The reactions of alkynes, cyclopropanes, and benzene derivatives with gold(III)

The reaction of gold(III) compounds with alkynes, arenes, and cyclopropanes have been studied. With the first two, the products can be accounted for in terms of electrophilic attack by the metal on the unsaturated centre. The reaction with alkynes bears a close resemblance to the mercury(II)-catalysed hydration but leads to higher conversions. Aromatic compounds react to give chloroarenes, the isomer distribution being consistent with initial metallation of the ring followed by replacement of the dichlorogold group by a chlorine atom.
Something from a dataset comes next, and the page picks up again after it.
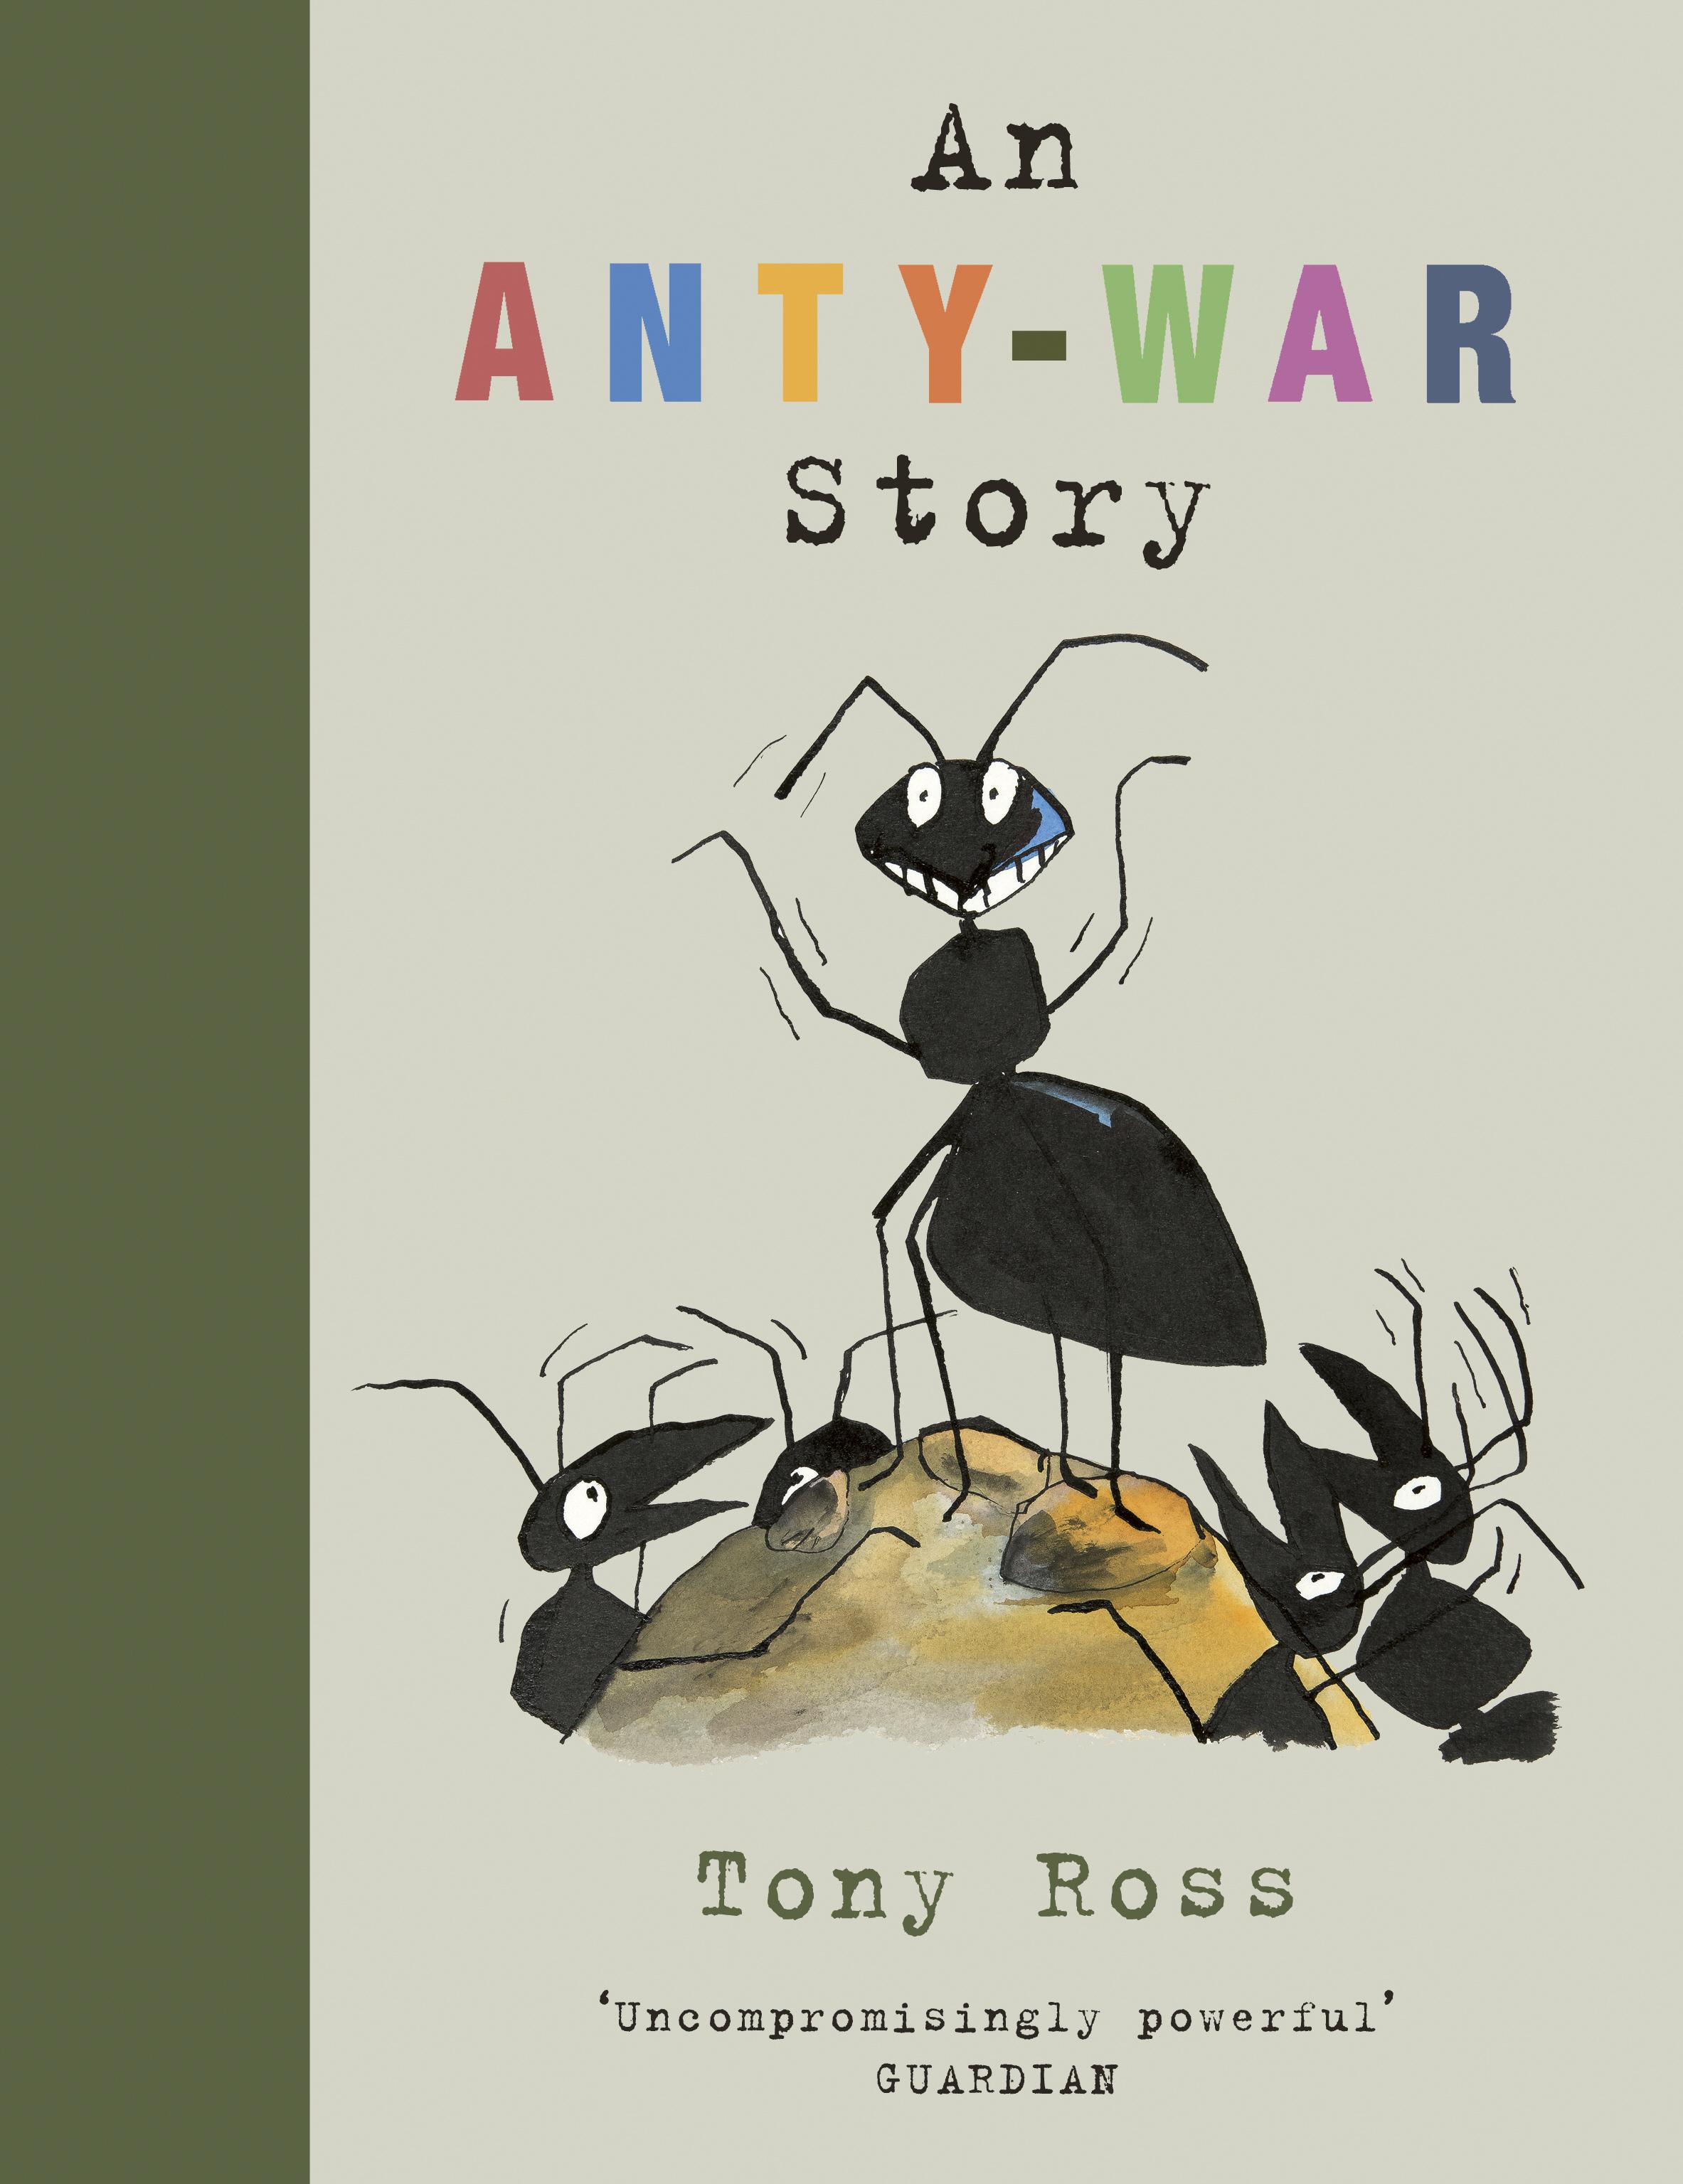 Anty-War Story - Tony Ross

However, isolation of the intermediate arygold compounds did not prove possible. Cyclopropanes were not oxidised to the expected 1,3-adducts; instead 1,2-adducts resulting from initial gold(III)-catalysed isomerisation to an alkene were obtained.
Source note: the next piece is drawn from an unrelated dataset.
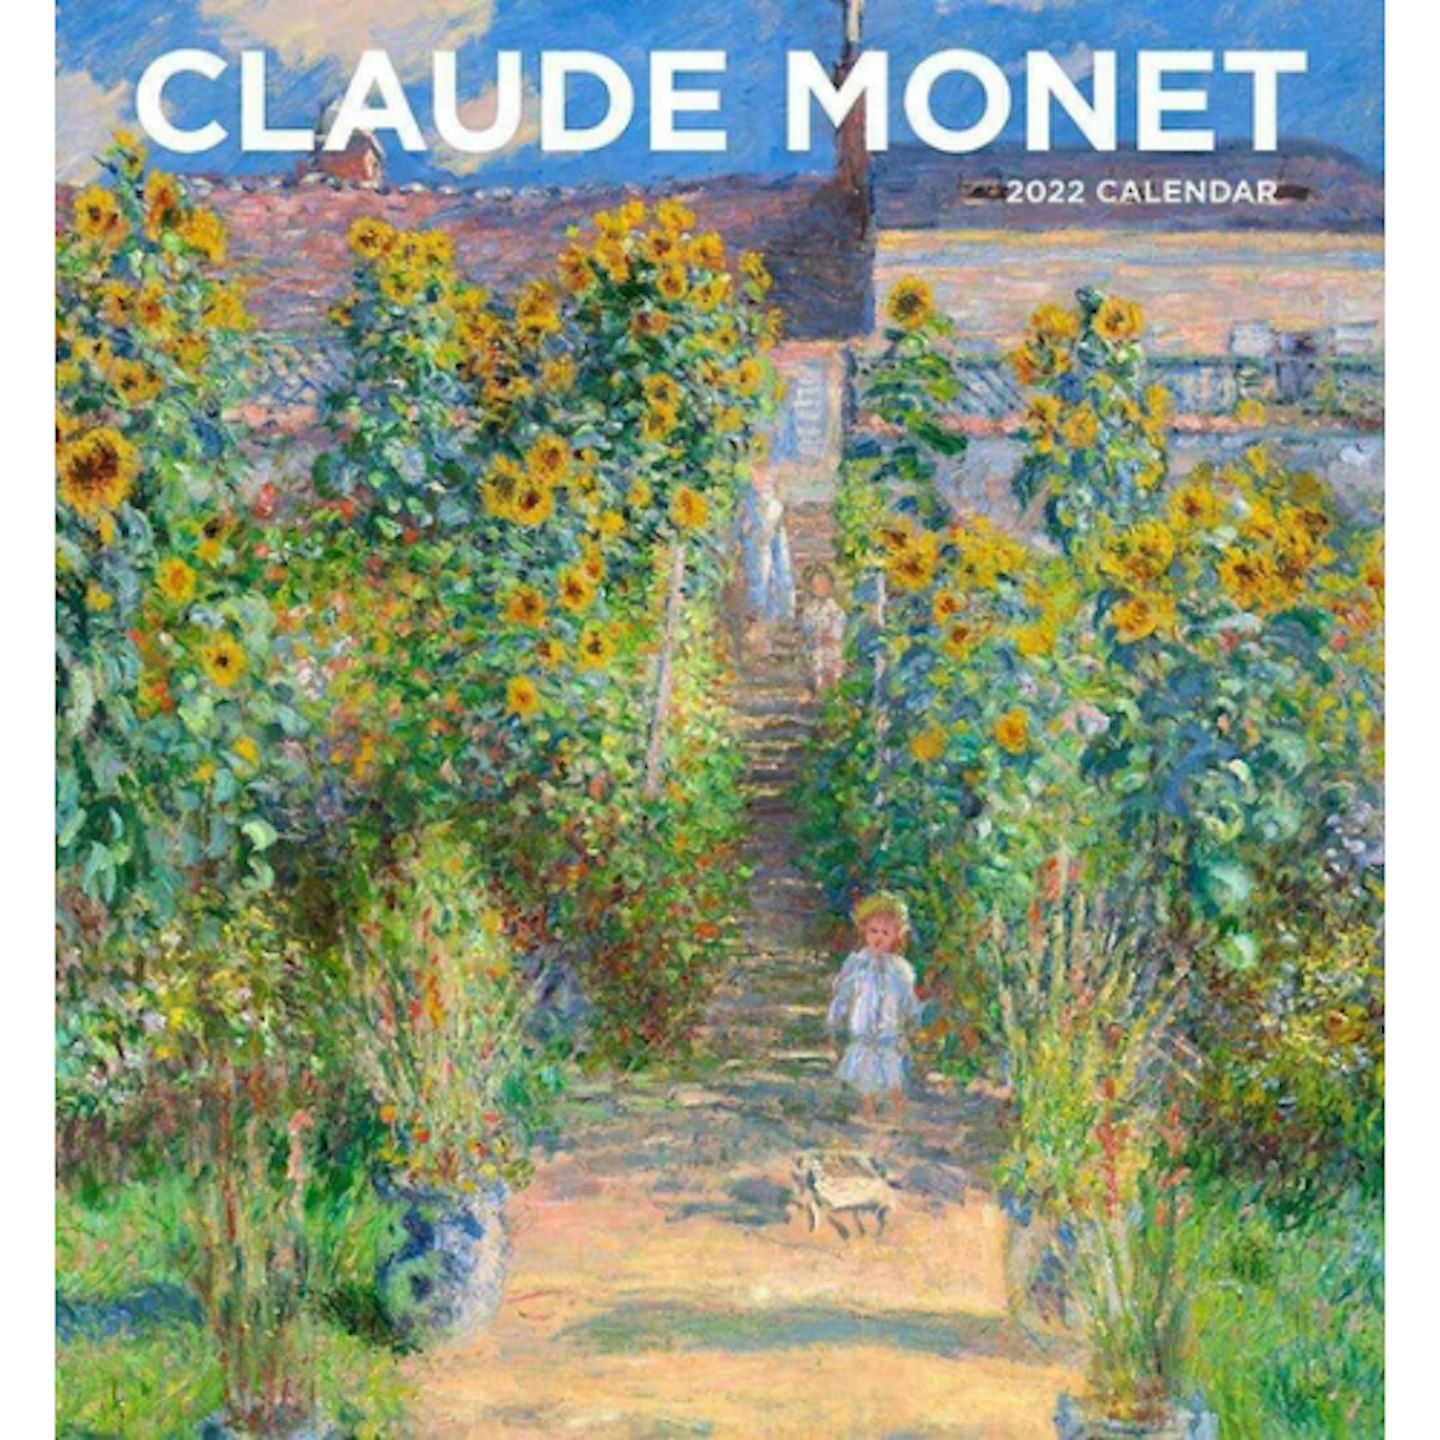 Pomegranate Claude Monet 2022 Wall Calendar

Gold(III) as an electrophilic oxidant of alkenes

The products of oxidation of a variety of olefins by tetrachloroauric acid in methanol are reported. They are satisfactorily accounted for by a scheme in which gold(III) acts as an electrophile to give an organometallic adduct; this breaks down by heterolysis of the C–Au bond, accompanied by competition between rearrangement of a neighbouring substituent and uptake of a nucleophile. In all cases a close similarity was observed with the products obtained from oxidations by thallium(III) and lead(IV); where divergences occur they can be accounted for in terms of either the different ligands about the metal atom or the different leaving-group abilities of the metal substituents.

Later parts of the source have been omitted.